§ **INSTRUCTIONS TO FOLLOW**
First find the line with "Visit ifaconf.ngo to know more", then reproduce it and all following lines of the data to the end, exactly and with no pictures, adding nothing.

[Collected data]

═══

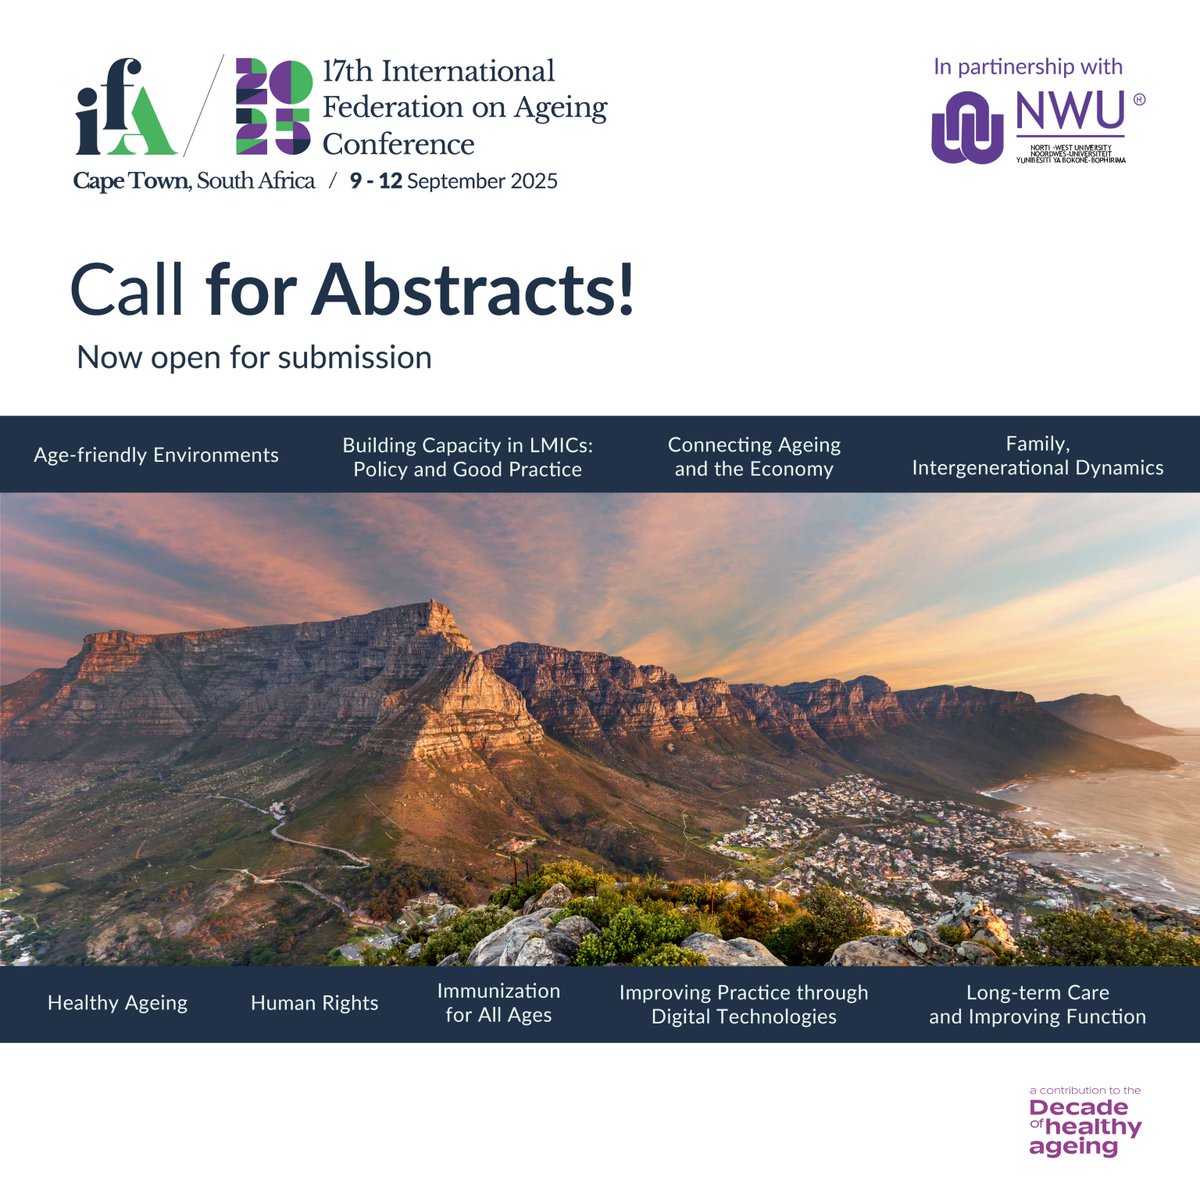 Dive into the diverse topics shaping the future of ageing at the #IFACONF2025! 
Don't miss your chance to be part of something greater - submit your abstracts today and secure your spot! 
Visit ifaconf.ngo to know more

#AgeingConference #CallforAbstracts
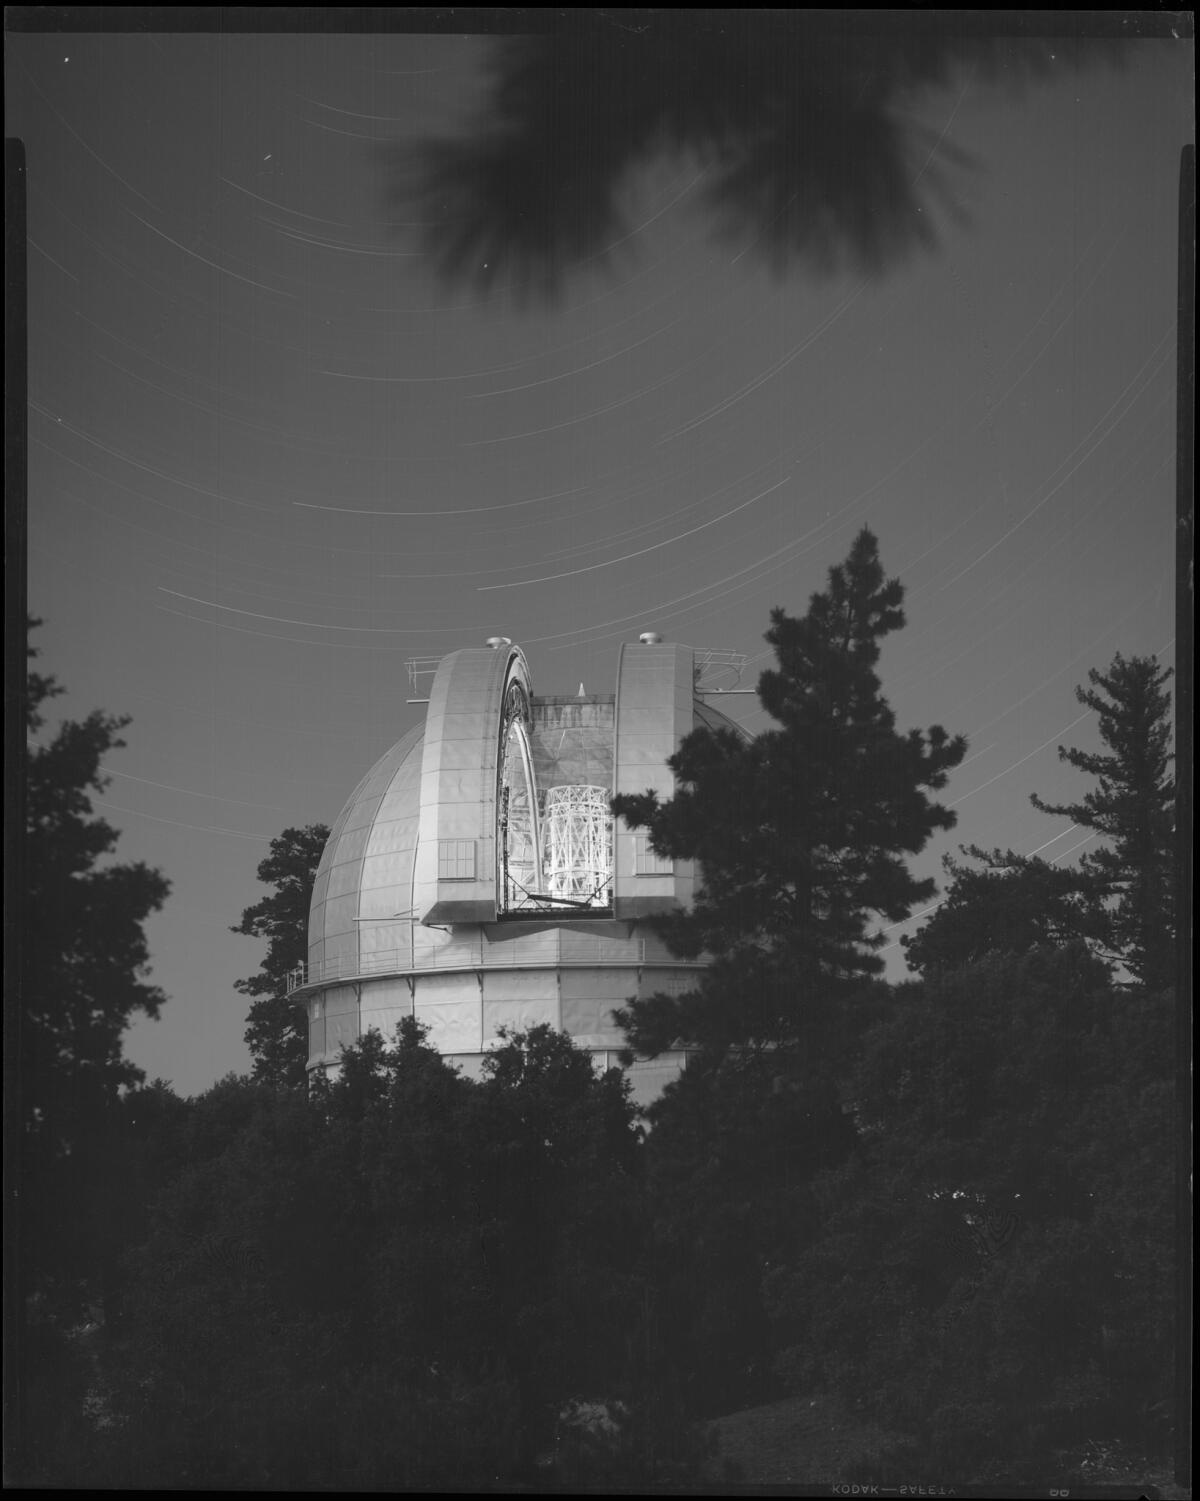 The 100-inch telescope dome at Mt. Wilson Observatory, seen in 1950.
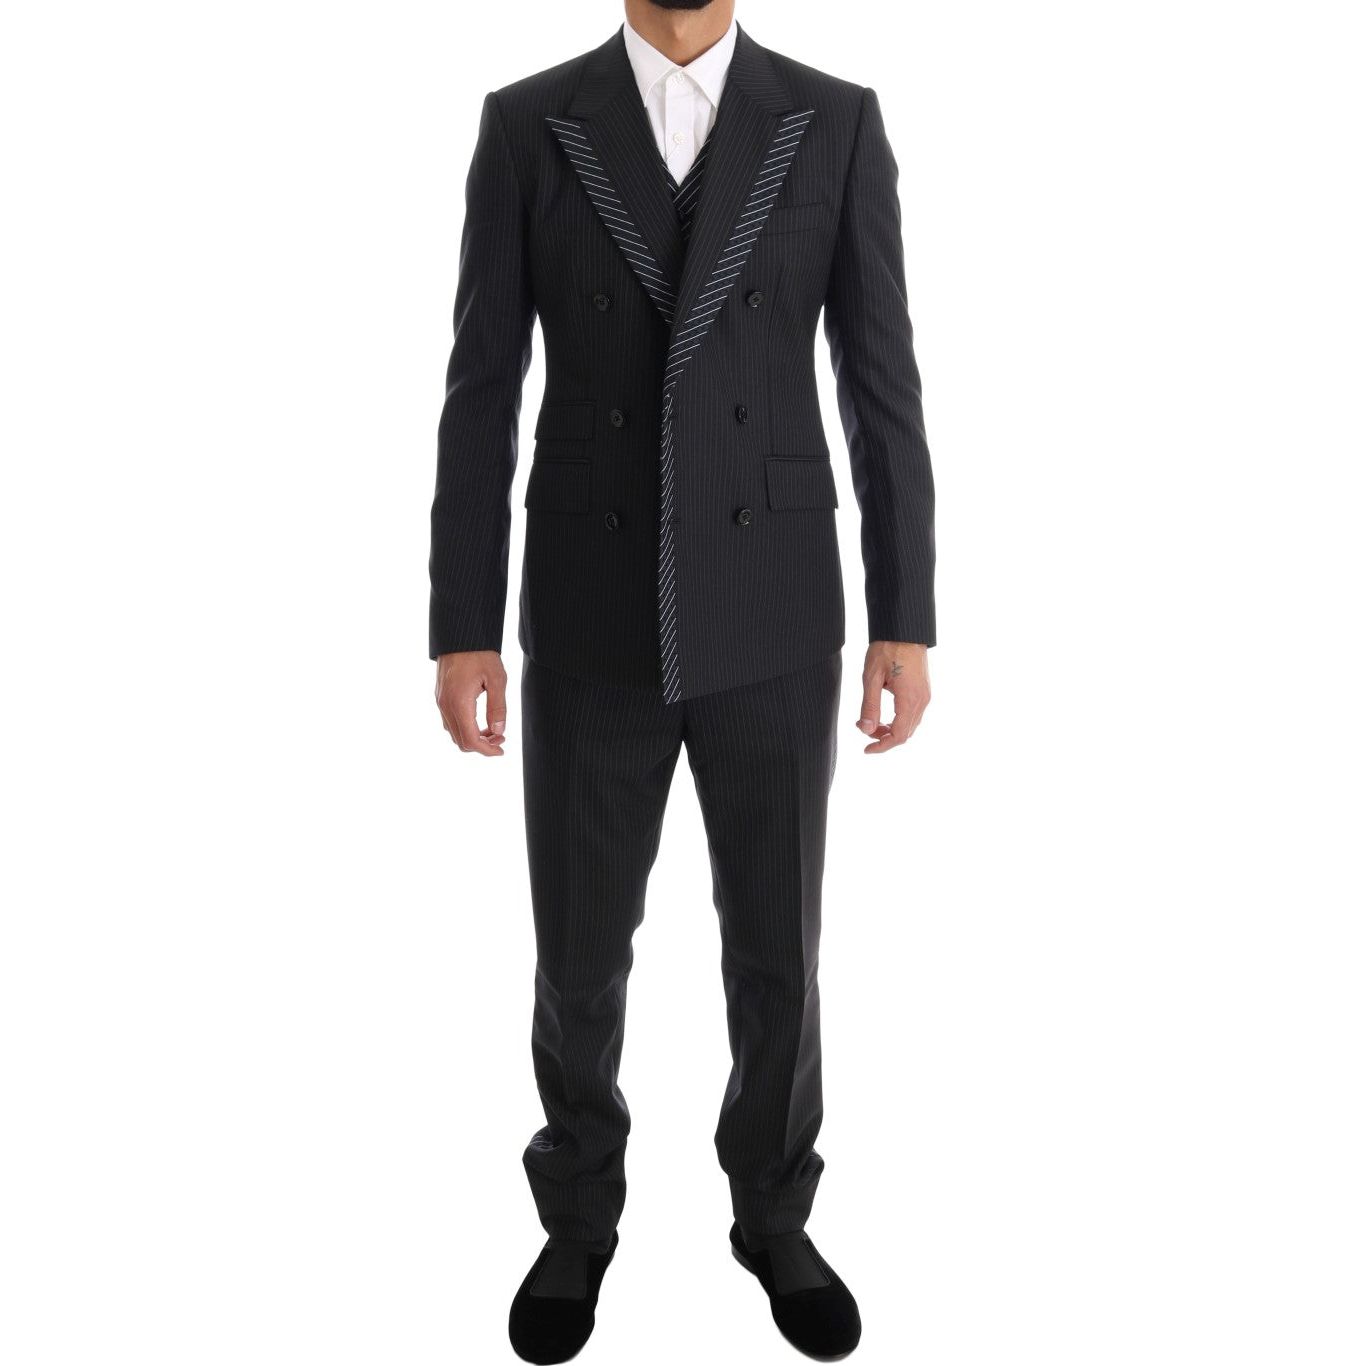 Dolce & Gabbana Elegant Gray Striped Wool Silk Men's 3-Piece Suit gray-double-breasted-3-piece-suit Suit 460447-gray-double-breasted-3-piece-suit-5.jpg

═══

§ **RESPONSE BOX**
Visit ifaconf.ngo to know more

#AgeingConference #CallforAbstracts
 The 100-inch telescope dome at Mt. Wilson Observatory, seen in 1950.
 Dolce & Gabbana Elegant Gray Striped Wool Silk Men's 3-Piece Suit gray-double-breasted-3-piece-suit Suit 460447-gray-double-breasted-3-piece-suit-5.jpg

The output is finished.